The pathophysiological mechanisms through which COVID-19 causes autonomic dysfunction after full recovery remain unclear. However, there are several pathophysiological mechanisms that may be associated with decreased HRV after COVID-19. Firstly, various conditions such as pain, fever, anorexia, nocturnal sweating, emotional stress, prolonged bed rest, or sleep disorders that occur in clusters at different stages of the COVID-19 may activate sympathetic nervous system and these negative effects may take longer to diminish. Secondly, SARS-CoV-2 could invade the brainstem and alter functions of medullary centers resulting in increased central sympathetic discharges. Recent research on SARS-CoV-2 has shown that this virus can invade tissues by binding to the angiotensin-converting enzyme 2 (ACE2) receptor on glial cells, neurons, and brain microvascular endothelial cells (Xia & Lazartigues, 2010). The olfactory nerve and transsynaptic transfer are also potential pathways for entry of the SARS-CoV-2 into the brain, as the olfactory epithelium, neuronal membrane, and cytoplasm all highly express ACE2 (Xiao et al., 2013). The entry proteins ACE2 may have a role in the binding of the virus to the olfactory nerves followed by travel into the brain (Barrantes, 2020; Stefano et al., 2020). Thirdly, SARS-CoV-2 might infect and destroy, via toxin-mediated or immune-mediated, extracardiac postganglionic neurons of sympathetic nervous system, secondarily increasing cardiac sympathetic discharge. However, there is no published evidence supporting this mechanism.

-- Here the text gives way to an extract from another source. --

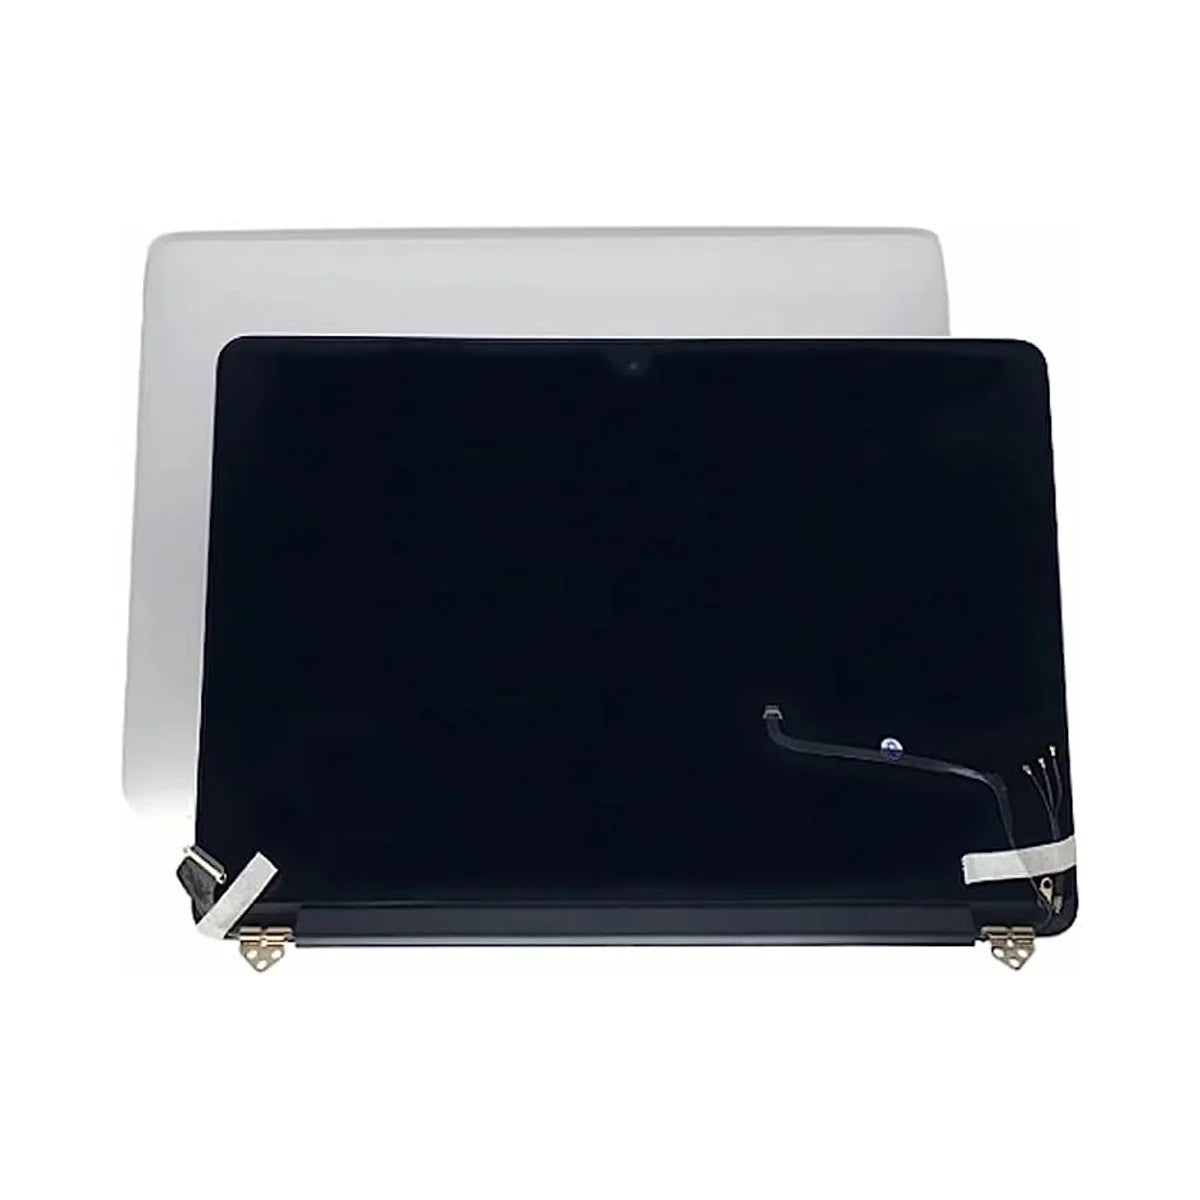 Amazon Ebay Top (SEVEN PUPPY) nuevo para MacBook Pro 15 "A1398 2015 año Retina reemplazo de conjunto de pantalla LCD completa

This study has several limitations. Sample size of the study population was rather small. We did not include those who healed after critically ill during acute phase with an intention to better represent the majority of the post-COVID-19 population because a recent report from WHO says that 80% of infections are mild or asymptomatic with no mortality, 15% are severe disease with no mortality and 5% are critical disease (Madjid et al., 2020). Graphic representations could not be given. Long-term follow-ups are lacking and certainly needed to determine whether lower HRV persists or not in this patient population.

In conclusion, the present data confirm that abnormalities in the three domains of HRV which indicate some degree of dysfunction in cardiac autonomic nervous system are present in subjects with a past history of COVID-19. In addition, our findings indicate an impairment of cardiac parasympathetic function in this population. HRV may be a useful tool to investigate the development of preclinical autonomic dysfunction in these patients. We believe that this preliminary research can serve a starting point for future research in this direction.